Penguasaan Situasi Hidup (environmental mastery) merupakan kemampuan individu mengatur secara efektif situasi hidupnya agar sesuai dengan kondisi psikisnya melalui perilaku dan upaya diri. Aspek ini digambarkan dengan kemampuan untuk mengatur dan mengontrol situasi yang kompleks. Dengan kata lain, penguasaan situasi hidup merupakan kemampuan individu untuk menguasai dan mengubah situasi di sekitarnya secara kreatif melalui aktivitas fisik ataupun mental.

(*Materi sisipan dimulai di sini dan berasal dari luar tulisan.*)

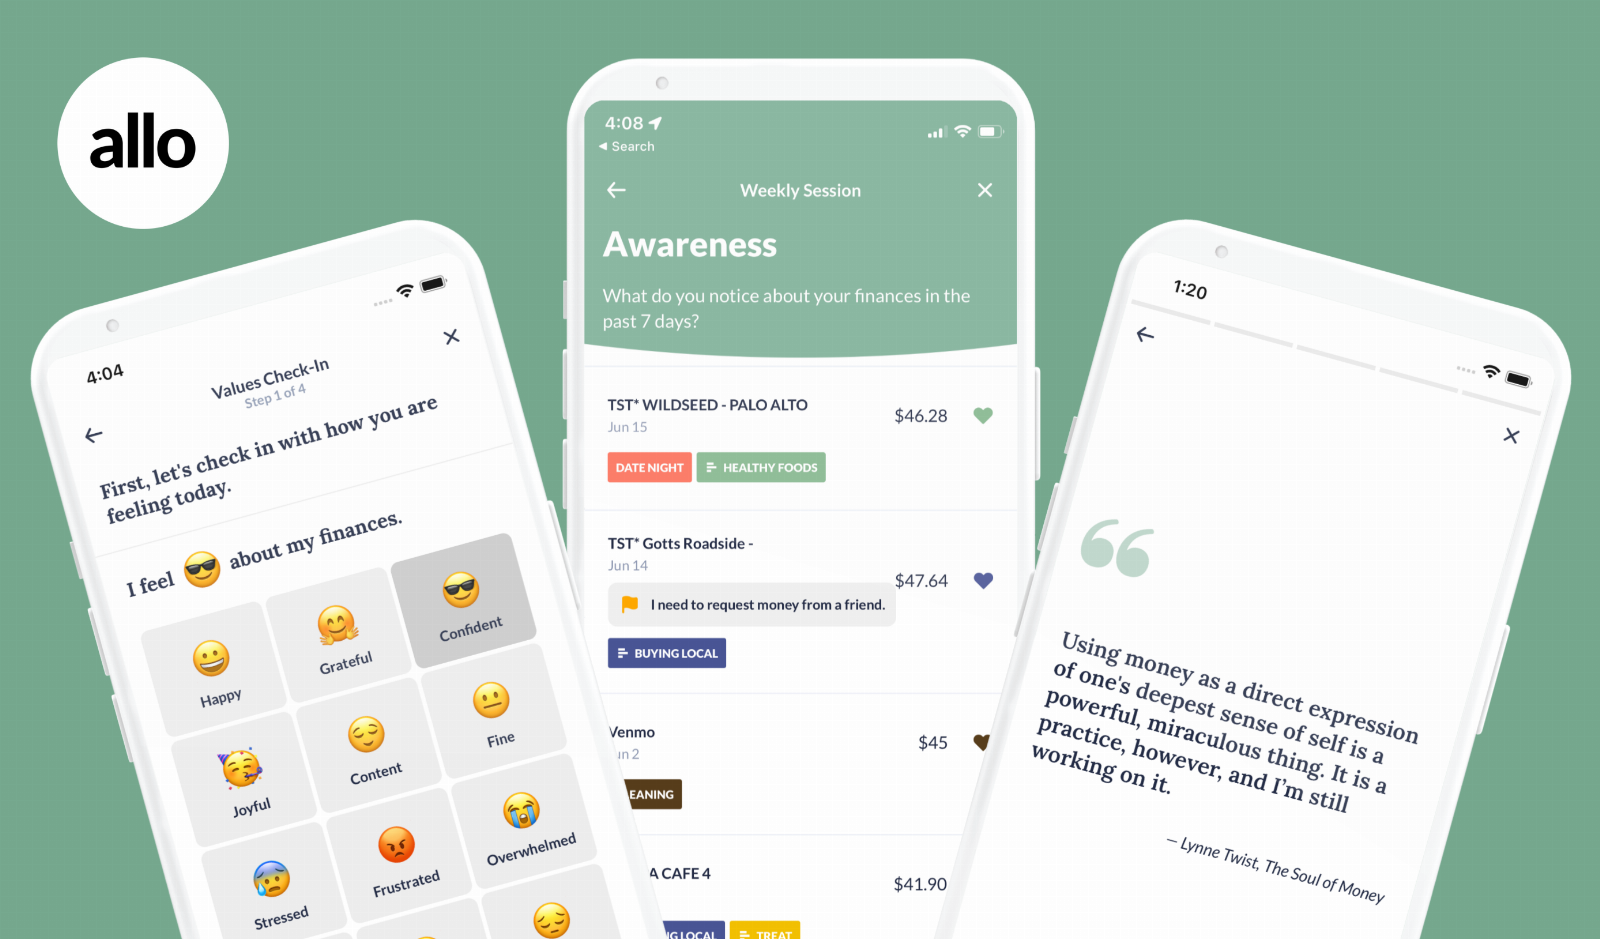 Allo is a new app that aims to help people create positive habits with their finances through mindfulness
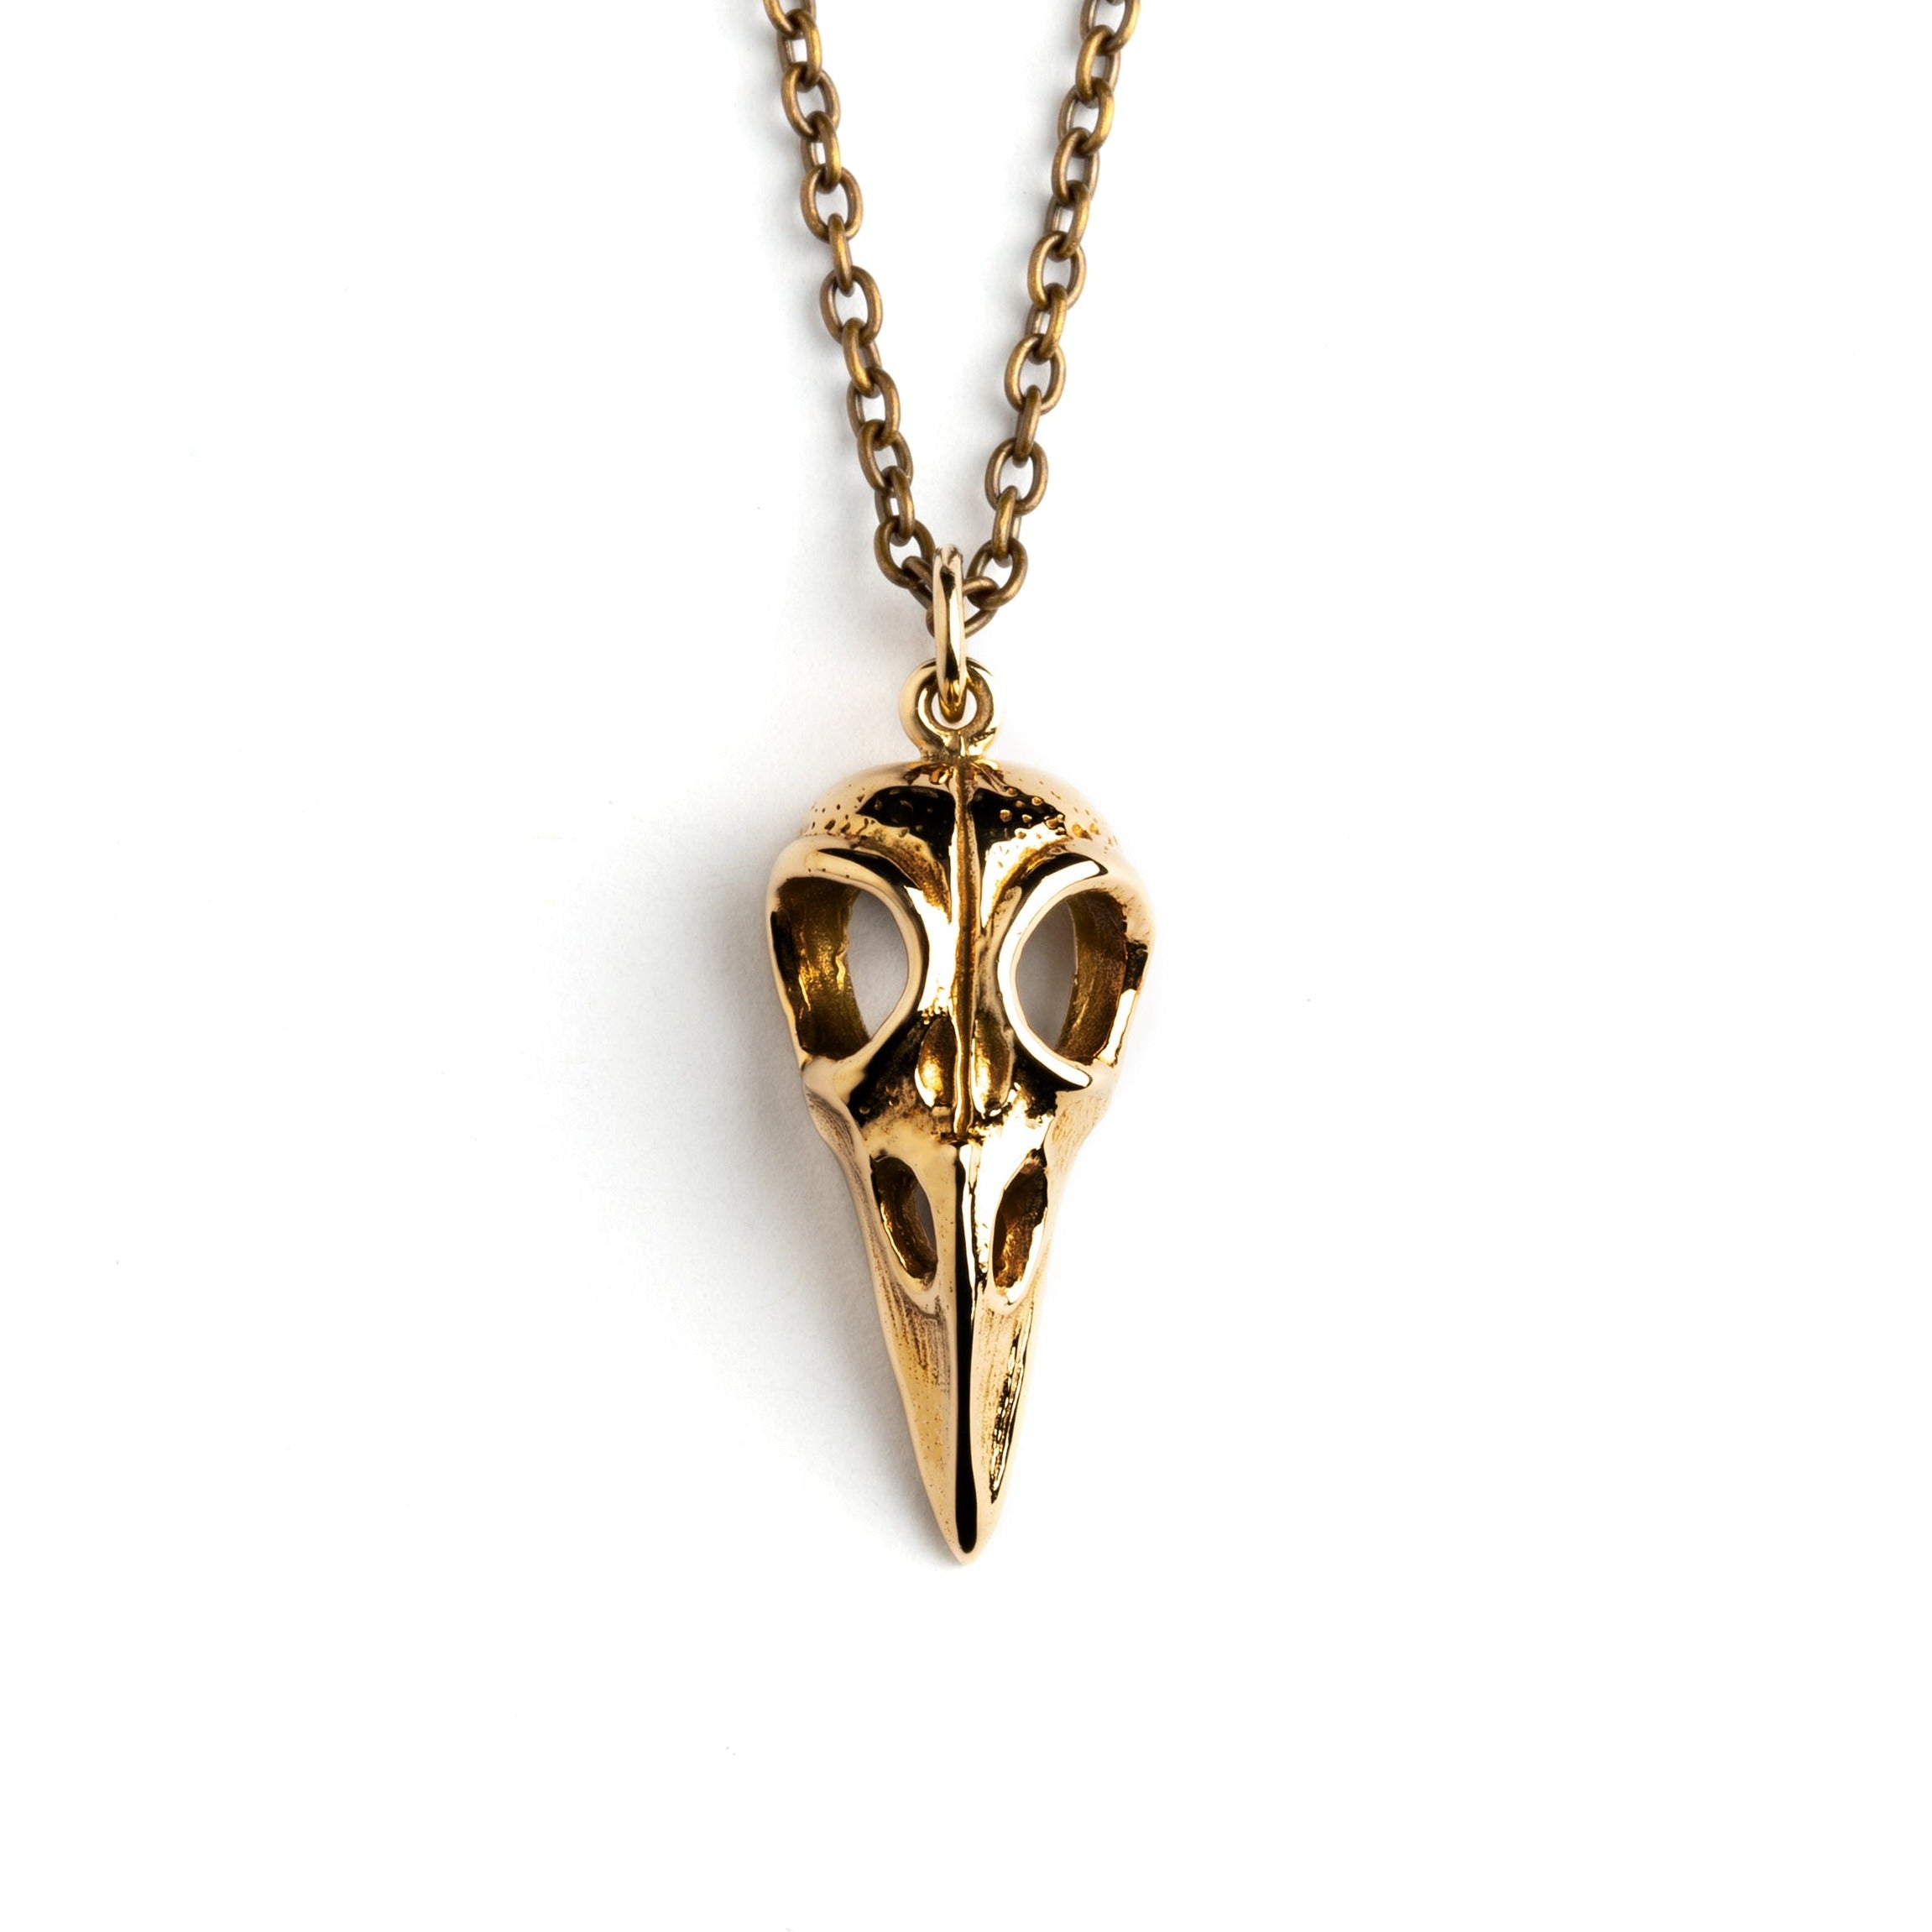 Bronze raven skull necklace frontal view

5. Tujuan hidup (purpose in life)

Tujuan hidup (purpose in life) adalah sikap individu yang memiliki tujuan dan makna hidup. Sikap ini ditunjukkan dengan kemampuan untuk menjadi produktif, kreatif atau mencapai kestabilan emosi. Kemampuan ini akan makin membantu individu menemukan makna dan arah hidup melalui pengalaman pribadi. 6. Perkembangan diri (personal growth)

Perkembangan diri (personal growth) dapat digambarkan sebagai individu yang tidak hanya mencapai prioritas karakteristik diri, tetapi individu yang memiliki keinginan untuk mengembangkan potensi diri. Pengembangan potensi diri ini ditandai dengan keinginan membuka diri pada pengalaman baru (tantangan baru, tugas-tugas perkembangan semasa hidup), memaksimalkan potensi diri, keinginan memperbaiki diri dari kesalahan, dan mampu berubah sesuai dengan kemampuan diri.

Berdasarkan konsep RPWB, well-being diartikan sebagai proses multidimensional manusia yang meliputi pencapaian tujuan hidup, memaksimalkan potensi diri, membangun hubungan dengan orang lain, mampu mengatur situasi hidup, melatih sikap mandiri, dan menerima diri secara positif (Ryff & Singer, 1996 dalam Strauser, Lustig, & Çiftçi, 2008).

Penelitian ini hanya menggunakan tiga dari enam dimensi RPWB, yaitu: self-acceptance, autonomy, positive relationships with other. Pemilihan ini dikarenakan tiga dimensi tersebut merupakan aspek penting yang dibutuhkan untuk mencapai karakteristik personal konselor yang efektif (George & Christiani, 1995).